More than 5 years have passed since last update.
Impala で画像処理

Posted at 2019-08-02
やろうと思ったきっかけ

過去に SQLServer でビットマップ画像の2値化をやったから。
最近業務で Impala を触り始めたから書き直した。
（そういえば、去年 Hive 版も書いてた）
実装

with
    -- シーケンス 0 - 1
    seq2 as (
        select 0 as x
        union all select 1 as x
    ),
    -- シーケンス 0 - 3
    seq4 as (
        select row_number() over(order by a.x) - 1 as x from seq2 as a cross join seq2 as b
    ),
    -- シーケンス 0 - 15
    seq16 as (
        select row_number() over(order by a.x) - 1 as x from seq4 as a cross join seq4 as b
    ),
    -- シーケンス 0 - 255
    seq256 as (
        select row_number() over(order by a.x) - 1 as x from seq16 as a cross join seq16 as b
    ),
    -- シーケンス 0 - 65535
    seq65536 as (
        select row_number() over(order by a.x) - 1 as x from seq256 as a cross join seq256 as b
    ),
    -- 入力パラメータ
    input_param as (
        select
            50 as threshold,
            base64decode(
"ここは base64 エンコードされたビットマップ画像(24bit)を指定する"
            ) as img
    ),
    --BITMAPFILEHEADER
    bitmap_file_header as (
        select 'bfType' as name,                 1 as pos, 2 as size
        union all select 'bfSize' as name,       3 as pos, 4 as size
        union all select 'bfReserved1' as name,  7 as pos, 2 as size
        union all select 'bfReserved2' as name,  9 as pos, 2 as size
        union all select 'bfOffBits' as name,   11 as pos, 4 as size
    ),
    --BITMAPINFOHEADER
    bitmap_info_header as (
        select 'biSize' as name,                    15 as pos, 4 as size
        union all select 'biWidth' as name,         19 as pos, 4 as size
        union all select 'biHeight' as name,        23 as pos, 4 as size
        union all select 'biPlanes' as name,        27 as pos, 2 as size
        union all select 'biBitCount' as name,      29 as pos, 2 as size
        union all select 'biCopmression' as name,   31 as pos, 2 as size
        union all select 'biSizeImage' as name,     33 as pos, 4 as size
        union all select 'biXPixPerMeter' as name,  37 as pos, 4 as size
        union all select 'biYPixPerMeter' as name,  41 as pos, 4 as size
        union all select 'biClrUsed' as name,       45 as pos, 4 as size
        union all select 'biCirImportant' as name,  49 as pos, 4 as size
    ),
    --ファイルヘッダのパース
    parsed_file_header as (
        select
            'file_header' as id,
            h.index,
            h.name,
            h.size,
            h.pos,
            (case
                when h.size = 1 then
                    (cast(conv(hex(substr(p.img, h.pos + 0, 1)), 16, 10) as int))

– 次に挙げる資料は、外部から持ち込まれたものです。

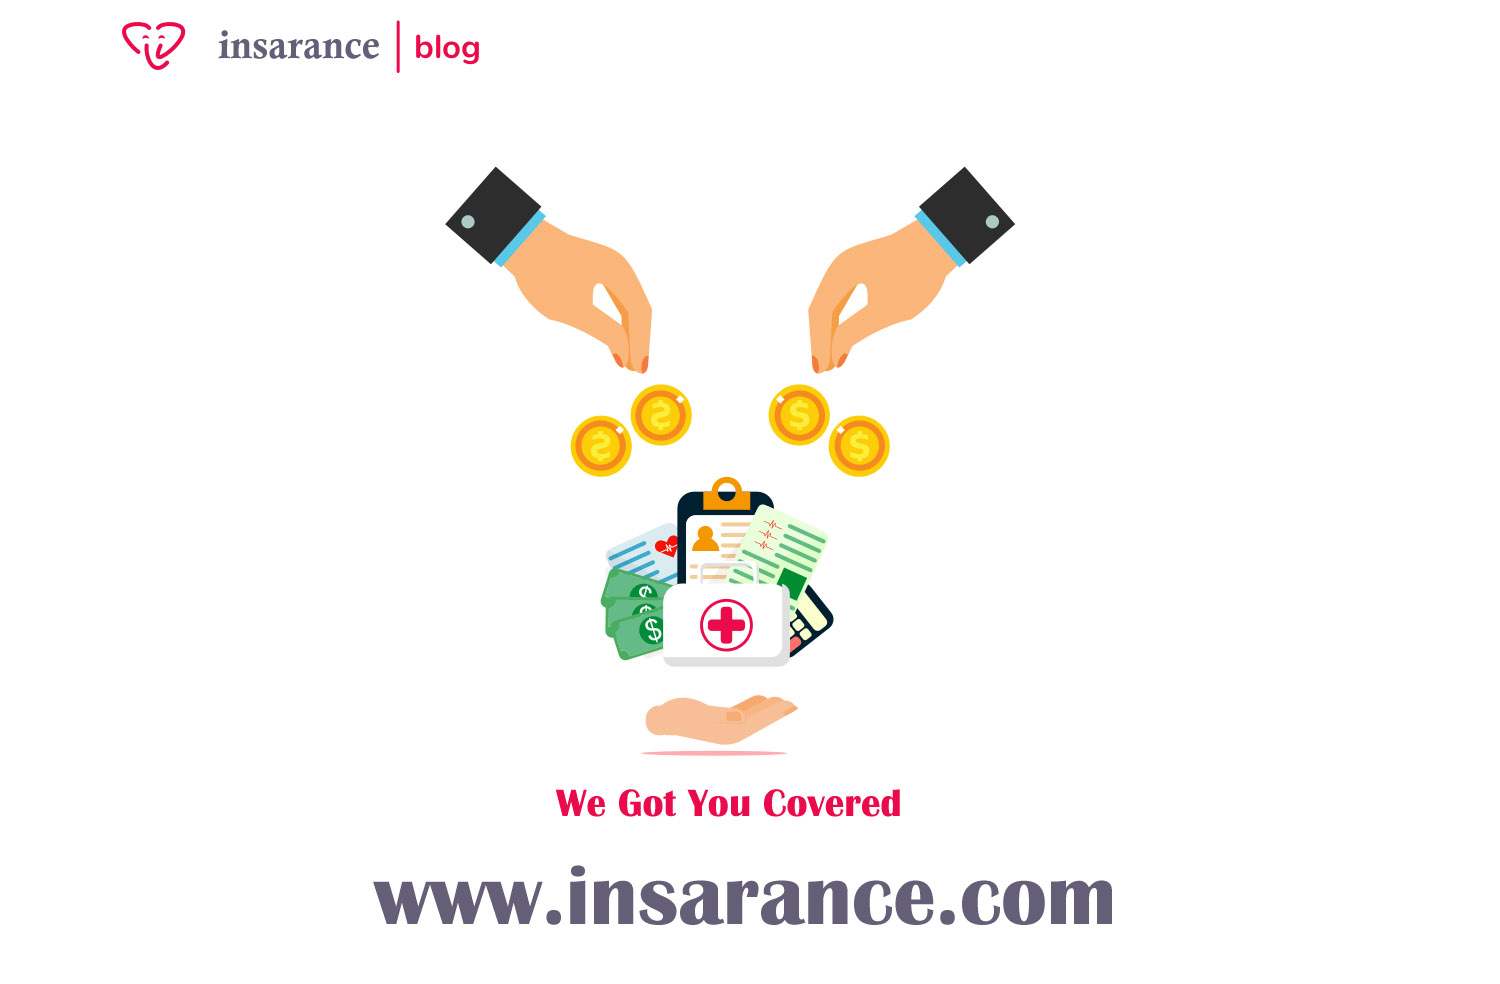 image_insarance_health-insurance.jpg

                when h.size = 2 then
                    (cast(conv(hex(substr(p.img, h.pos + 1, 1)), 16, 10) as int) +
                     cast(conv(hex(substr(p.img, h.pos + 0, 1)), 16, 10) as int))

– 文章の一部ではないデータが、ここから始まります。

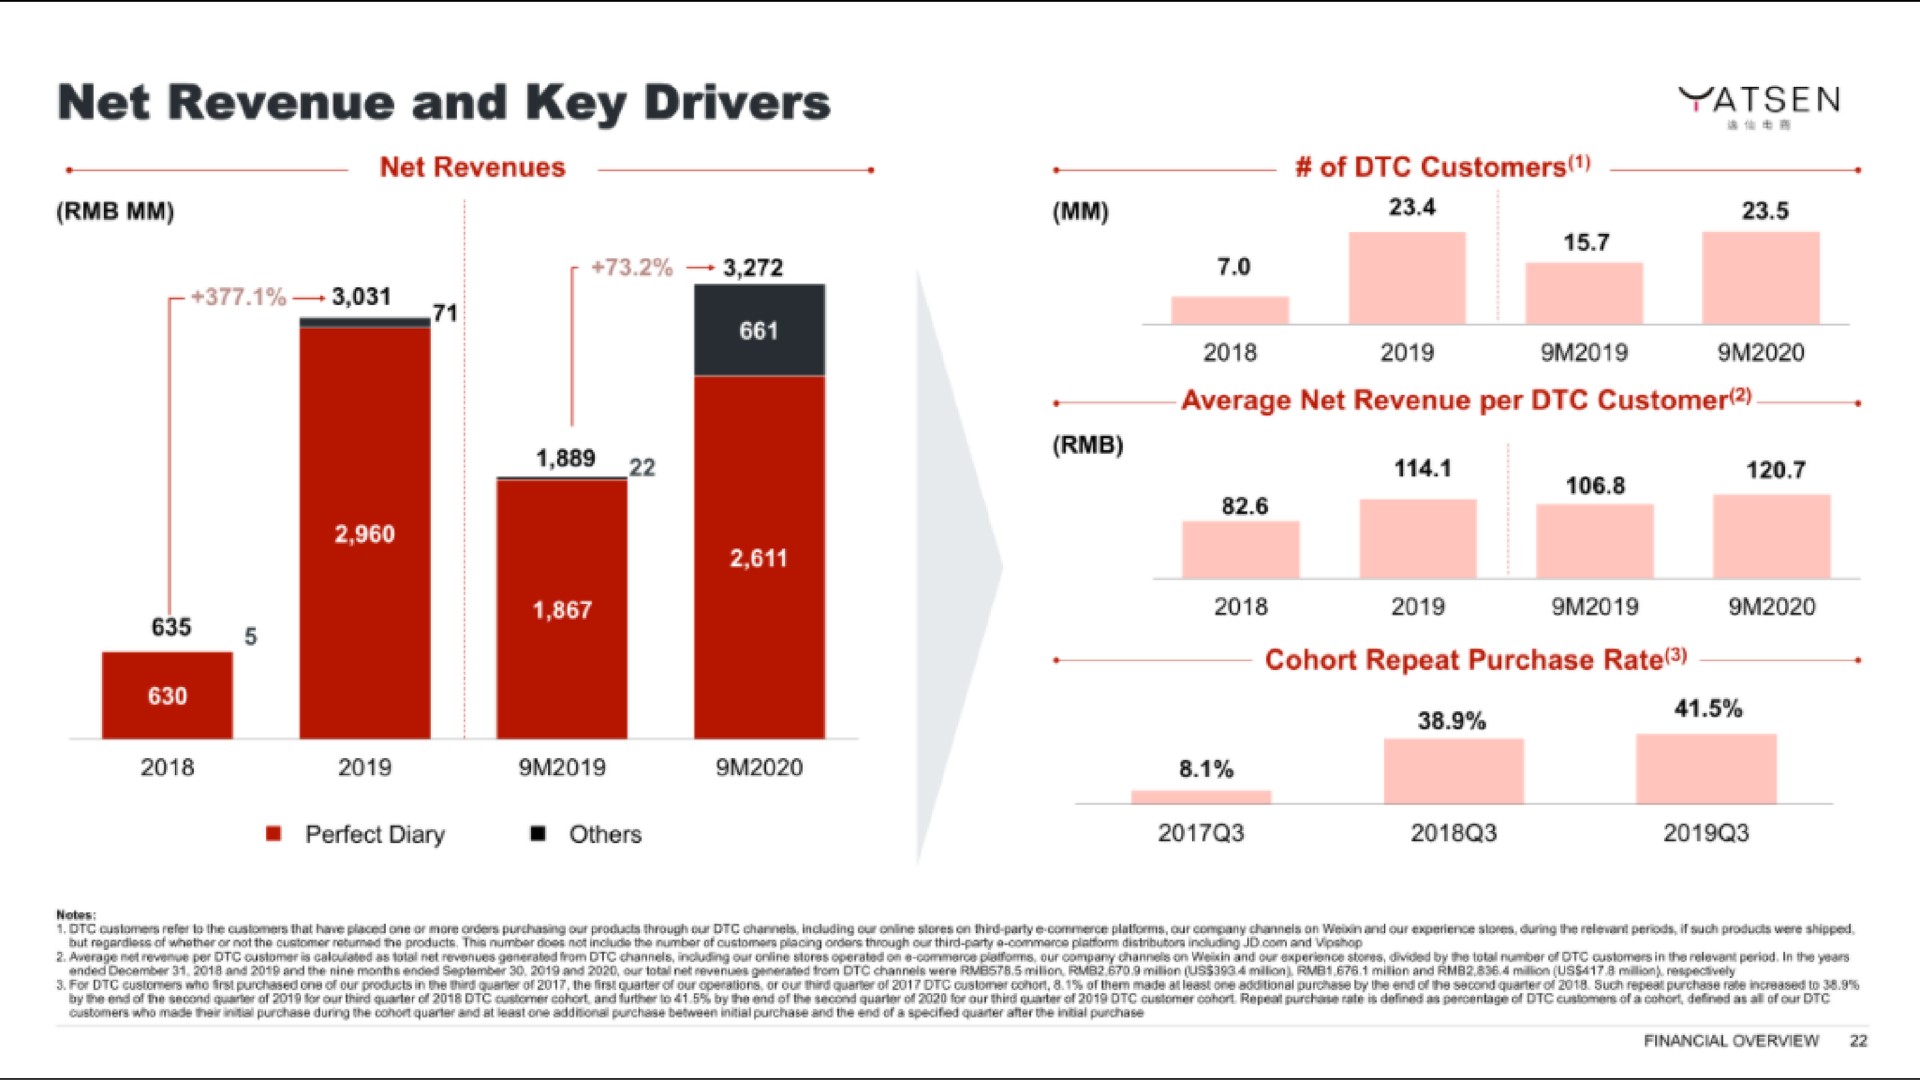 net revenue and key drivers | Yatsen

                when h.size = 4 then
                    (cast(conv(hex(substr(p.img, h.pos + 3, 1)), 16, 10) as int) +
                     cast(conv(hex(substr(p.img, h.pos + 2, 1)), 16, 10) as int) +
                     cast(conv(hex(substr(p.img, h.pos + 1, 1)), 16, 10) as int) +
                     cast(conv(hex(substr(p.img, h.pos + 0, 1)), 16, 10) as int))
                else
                    0
             end
            ) as _data
        from
            input_param as p,
            (select
                row_number() over(order by bfh.pos) - 1 as index,
                bfh.name,
                bfh.pos,
                bfh.size
             from
                bitmap_file_header as bfh
            ) as h
    ),
    --情報ヘッダのパース
    parsed_info_header as (
        select
            'info_header' as id,
            h.index,
            h.name,
            h.size,
            h.pos,
            (case
                when h.size = 1 then
                    (cast(conv(hex(substr(p.img, h.pos + 0, 1)), 16, 10) as int))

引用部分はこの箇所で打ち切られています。